Learning Brain Representation with Hierarchical Visual Embeddings

Notice: This research summary and analysis were automatically generated using AI technology. For absolute accuracy, please refer to the [Original Paper Viewer] below or the Original ArXiv Source.

Decoding visual representations from brain signals has attracted significant attention in both neuroscience and artificial intelligence. However, the degree to which brain signals truly encode visual information remains unclear. Current visual decoding approaches explore various brain-image alignment strategies, yet most emphasize high-level semantic features while neglecting pixel-level details, thereby limiting our understanding of the human visual system. In this paper, we propose a brain-image alignment strategy that leverages multiple pre-trained visual encoders with distinct inductive biases to capture hierarchical and multi-scale visual representations, while employing a contrastive learning objective to achieve effective alignment between brain signals and visual embeddings. Furthermore, we introduce a Fusion Prior, which learns a stable mapping on large-scale visual data and subsequently matches brain features to this pre-trained prior, thereby enhancing distributional consistency across modalities. Extensive quantitative and qualitative experiments demonstrate that our method achieves a favorable balance between retrieval accuracy and reconstruction fidelity.

💡 Research Summary

The paper tackles the long‑standing problem of decoding visual information from brain recordings (EEG, MEG, fMRI) by explicitly modeling the hierarchical nature of visual processing in the human cortex. The authors propose a two‑stage framework that first builds a multi‑scale visual embedding from several pretrained image encoders and then aligns brain signals to this embedding using contrastive learning. In the visual branch, three encoders are employed: two CLIP‑based models (ViT‑CLIP and ResNet‑CLIP) that provide high‑level semantic tokens, and a Variational Auto‑Encoder (VAE) that yields a dense, low‑resolution latent map preserving pixel‑level color, texture, and layout information. Each encoder’s output is linearly projected to a common 1024‑dimensional space, summed, and passed through a residual two‑layer MLP with GELU activation and LayerNorm, producing the fused visual representation z_f.

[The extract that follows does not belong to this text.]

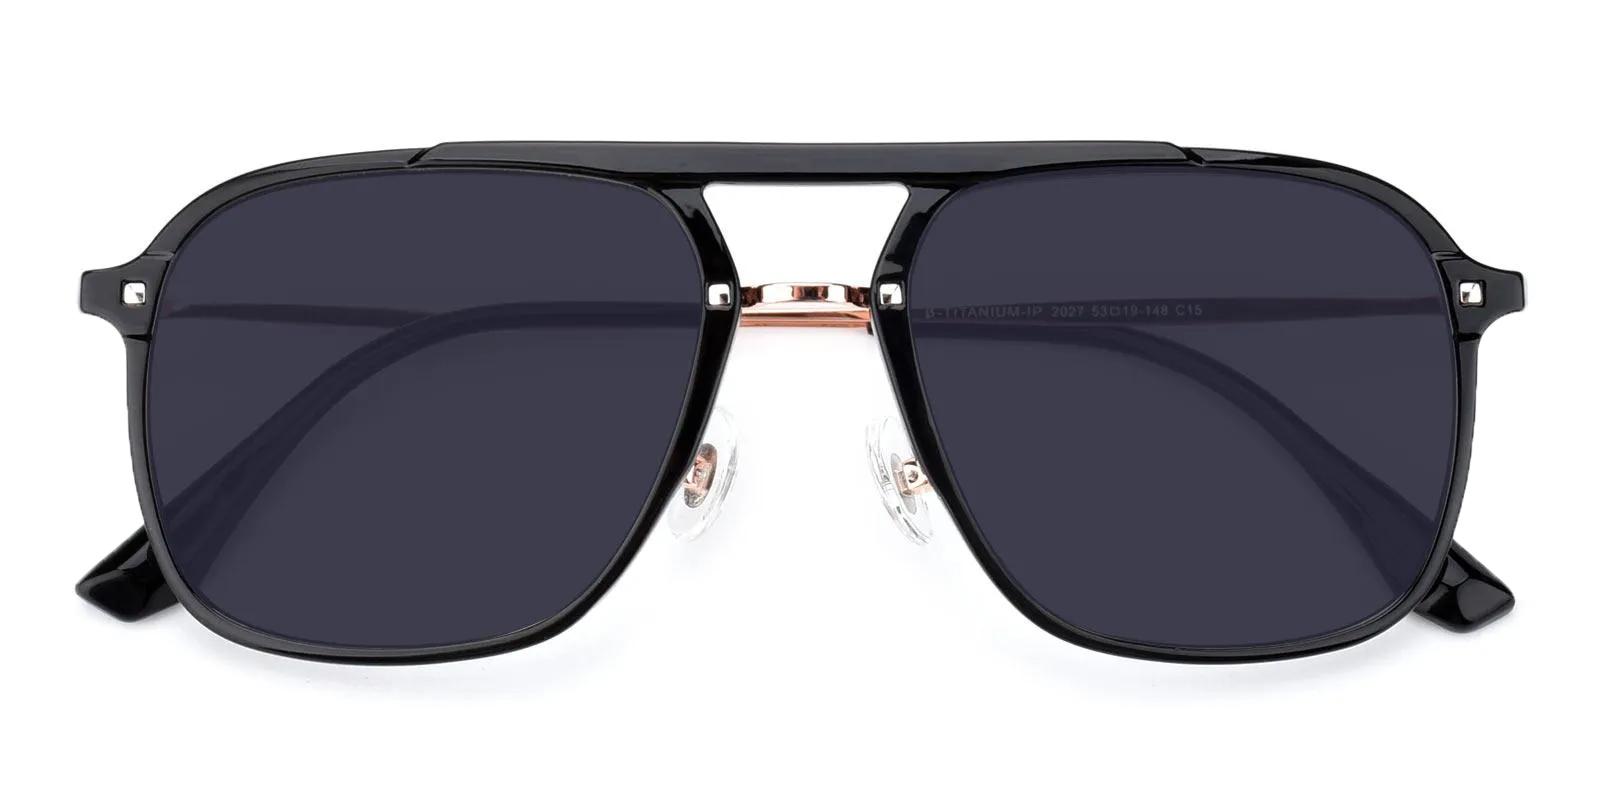 Picard Black Titanium , TR NosePads , Sunglasses Frames from ABBE Glasses

On the brain side, the raw time‑series are flattened, linearly projected to the same dimensionality, and processed by an identical MLP‑LayerNorm block to obtain the brain embedding z_b. A symmetric InfoNCE loss with a learnable temperature (initialized at 0.07) maximizes cosine similarity for matched brain‑image pairs while minimizing it for mismatched pairs, effectively pulling the two modalities into a shared embedding space.

Directly feeding z_f into a diffusion model for image synthesis proved unstable because the diffusion prior expects a specific distribution of conditioning vectors. To bridge this gap, the authors pre‑train a “Fusion Prior” on large‑scale image data. The fused visual vector is further transformed by a high‑capacity MLP (hidden size 4096) into z_c, which is injected into a frozen SDXL UNet via an IP‑Adapter that uses cross‑attention. The UNet’s weights remain frozen; only the visual fuser, the high‑capacity projector, and the IP‑Adapter are trained to predict diffusion noise, yielding a stable mapping from z_f to diffusion conditions.

After the Fusion Prior is fixed, only the brain encoder is fine‑tuned with the same contrastive objective, ensuring that brain‑derived embeddings land precisely in the pretrained visual space. At inference time, a brain signal is transformed to z_b, aligned to z_f, converted to z_c, and finally fed to the frozen diffusion model, producing a high‑quality reconstruction without any textual prompt.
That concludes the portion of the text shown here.